Exercise - All of the data should be repeated exactly; pictures are not part of the copy.

Dataset excerpt -
* * * * *

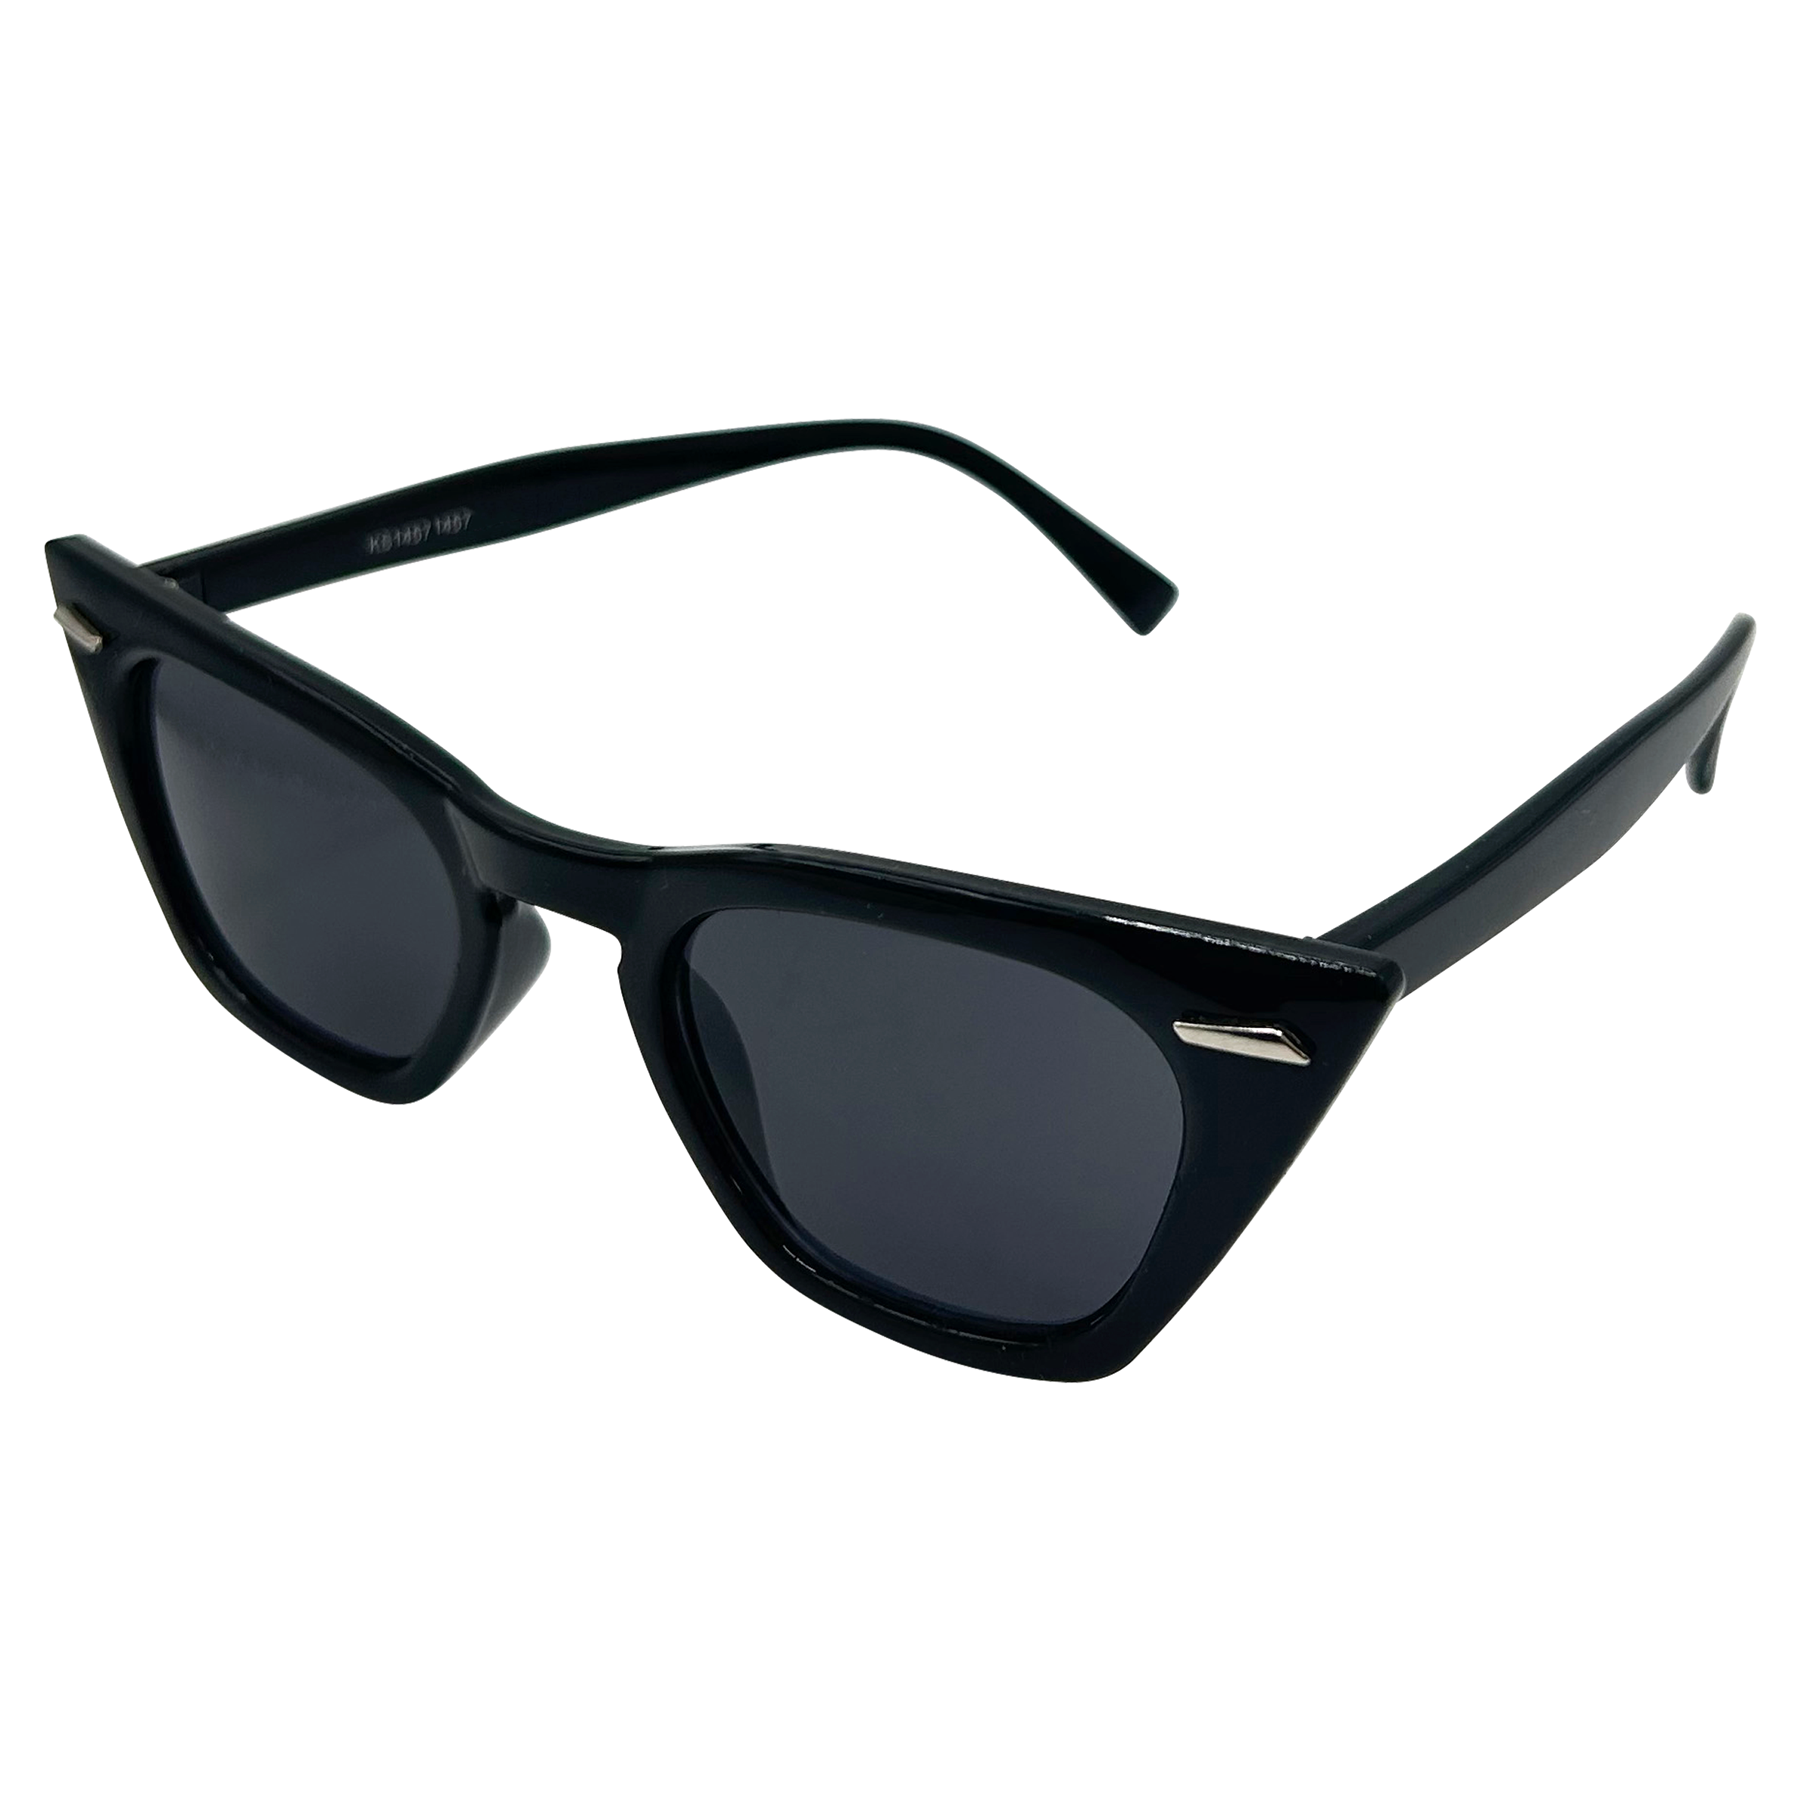 SACCHARINE Gloss Black Cat-Eye Sunglasses
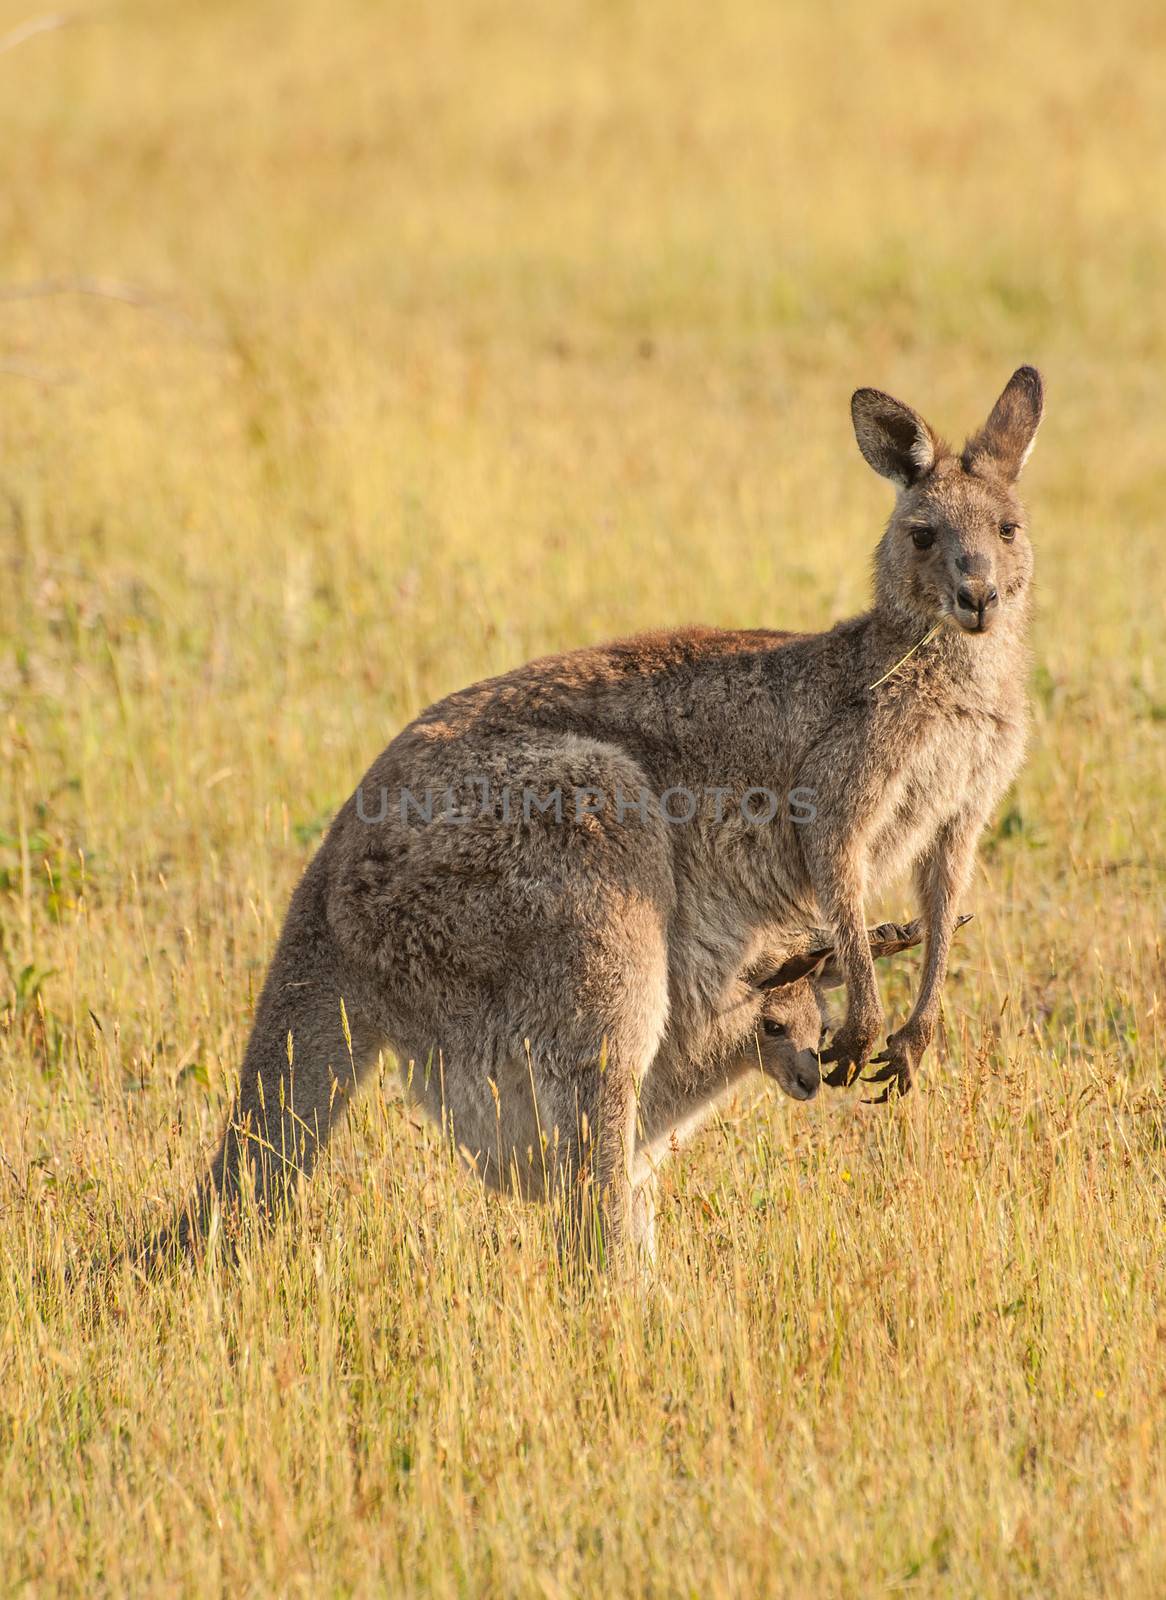 Kangaroo by fyletto
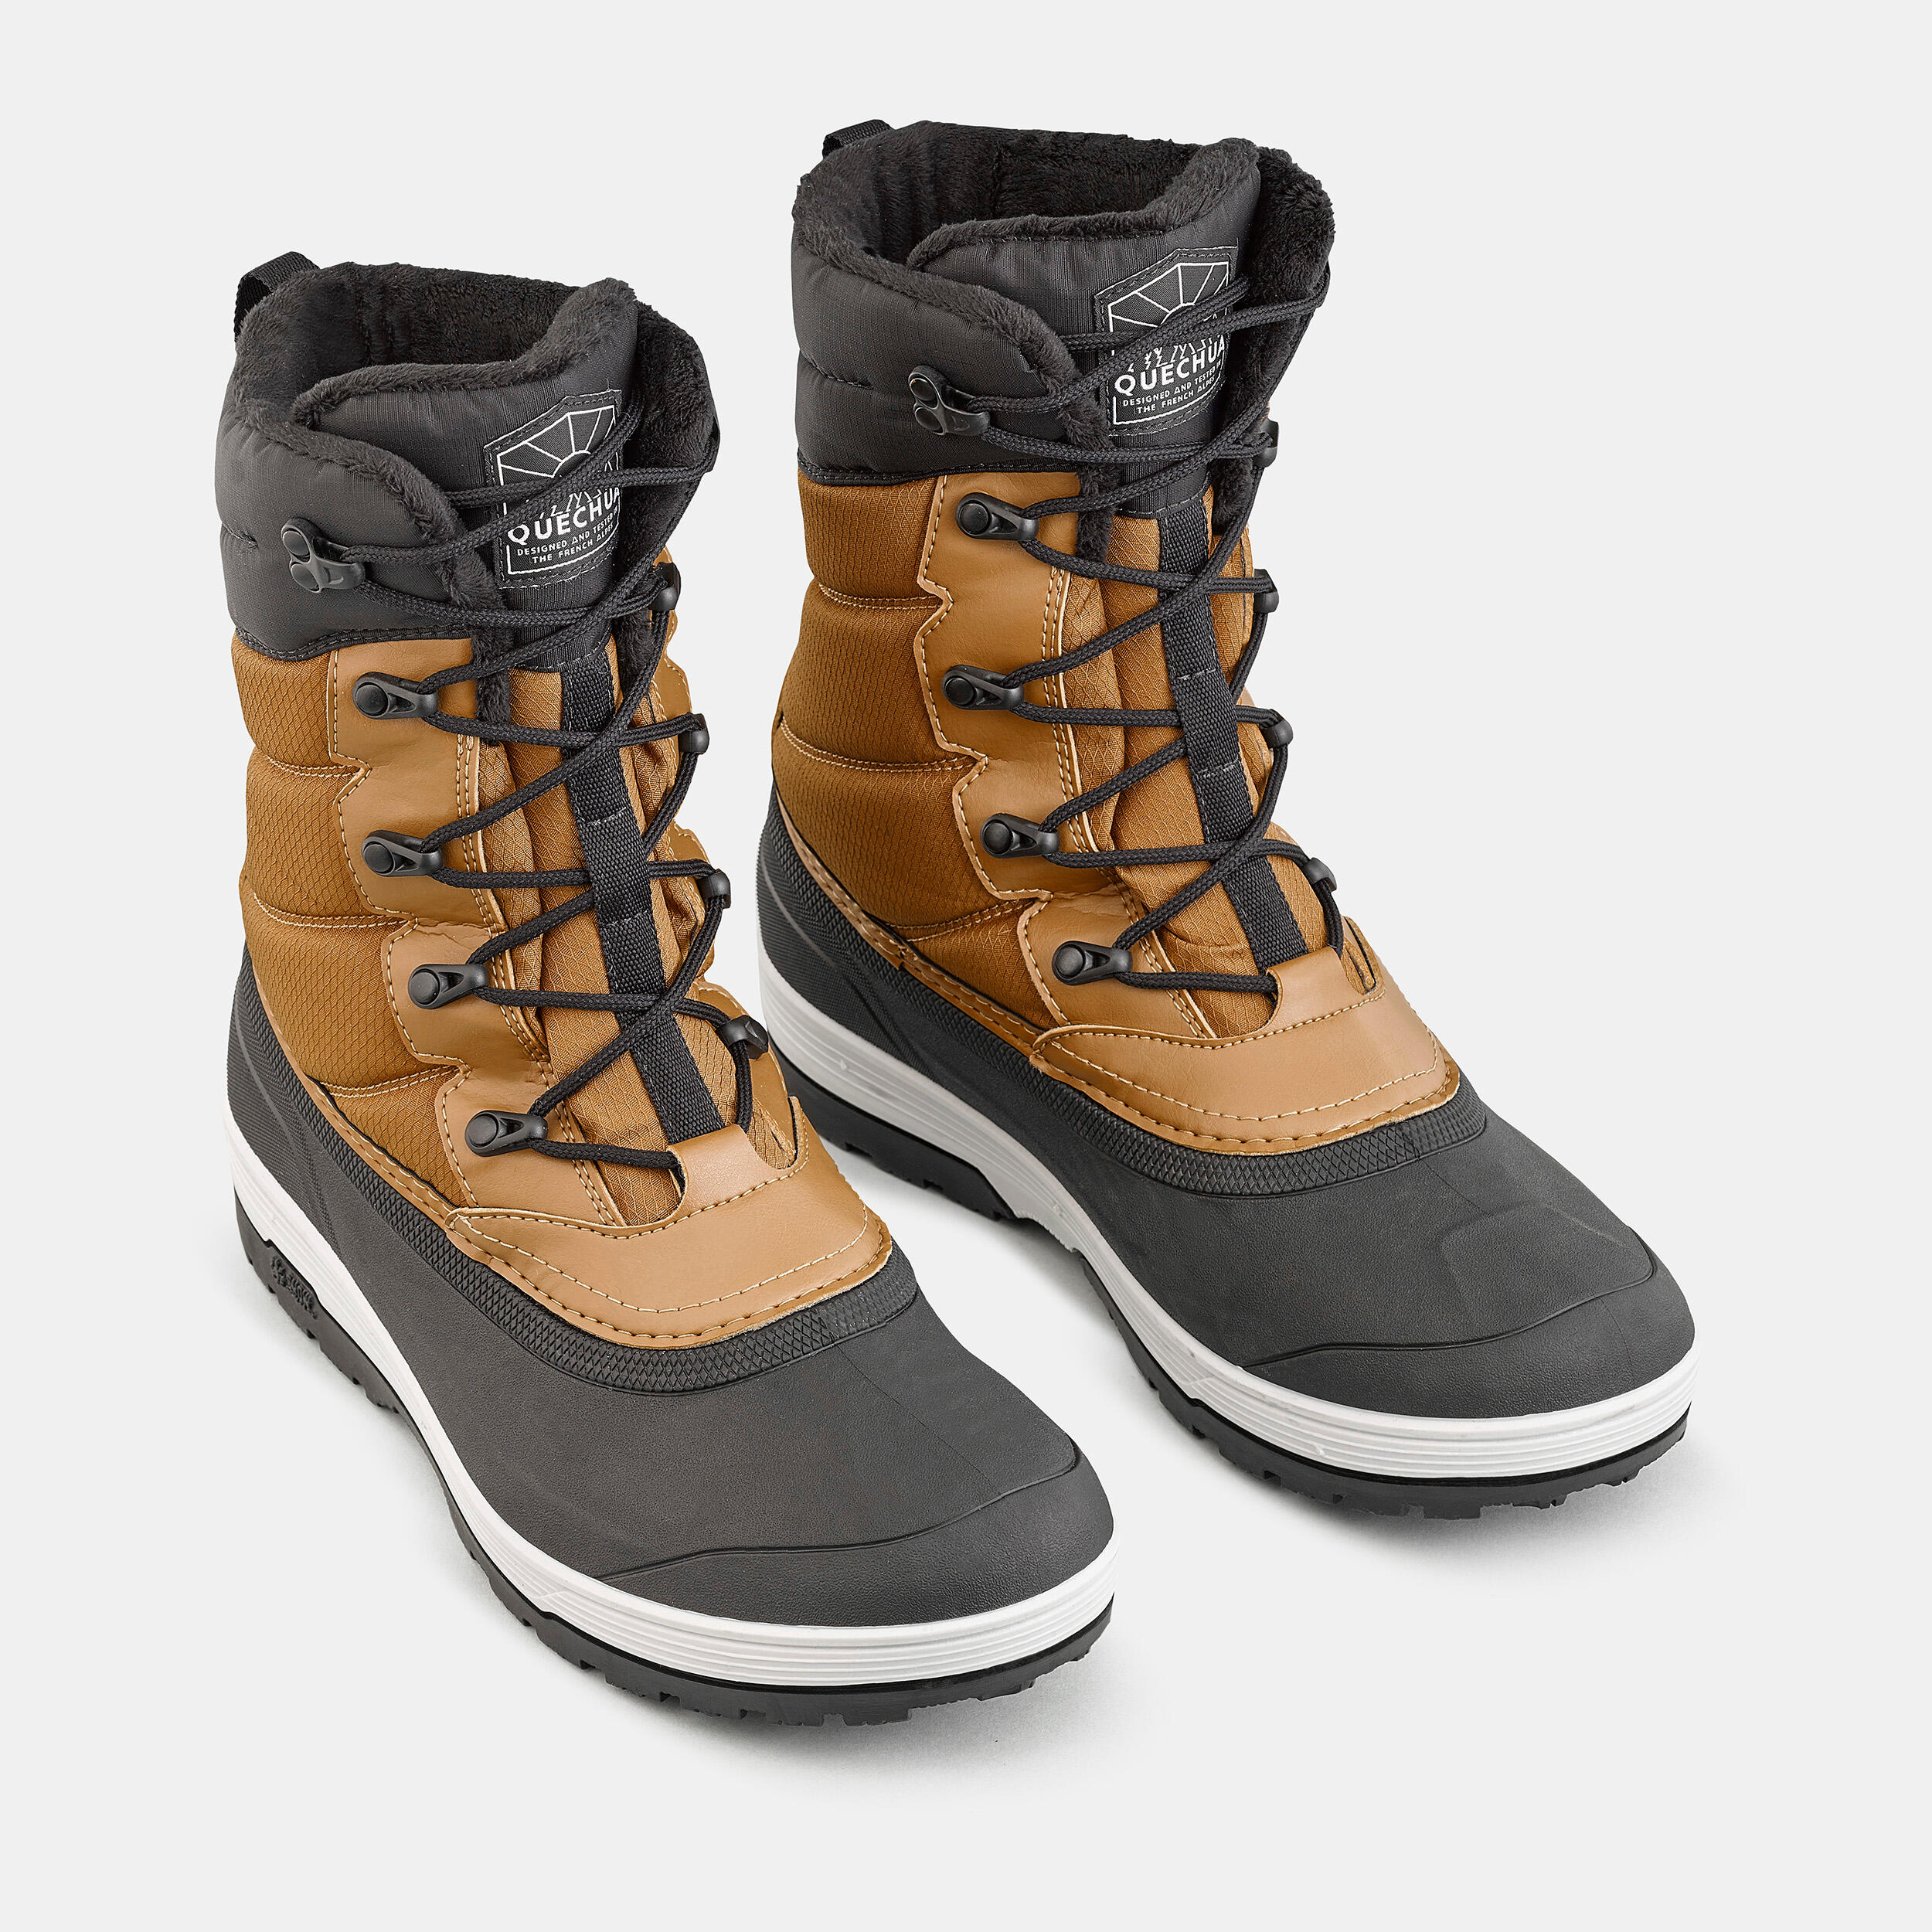 Men’s Warm Waterproof Snow Hiking Boots  - SH500 X- WARM - Lace 4/9

* * * * *

Result of the exercise -
 SACCHARINE Gloss Black Cat-Eye Sunglasses
 Kangaroo by fyletto
 Men’s Warm Waterproof Snow Hiking Boots  - SH500 X- WARM - Lace 4/9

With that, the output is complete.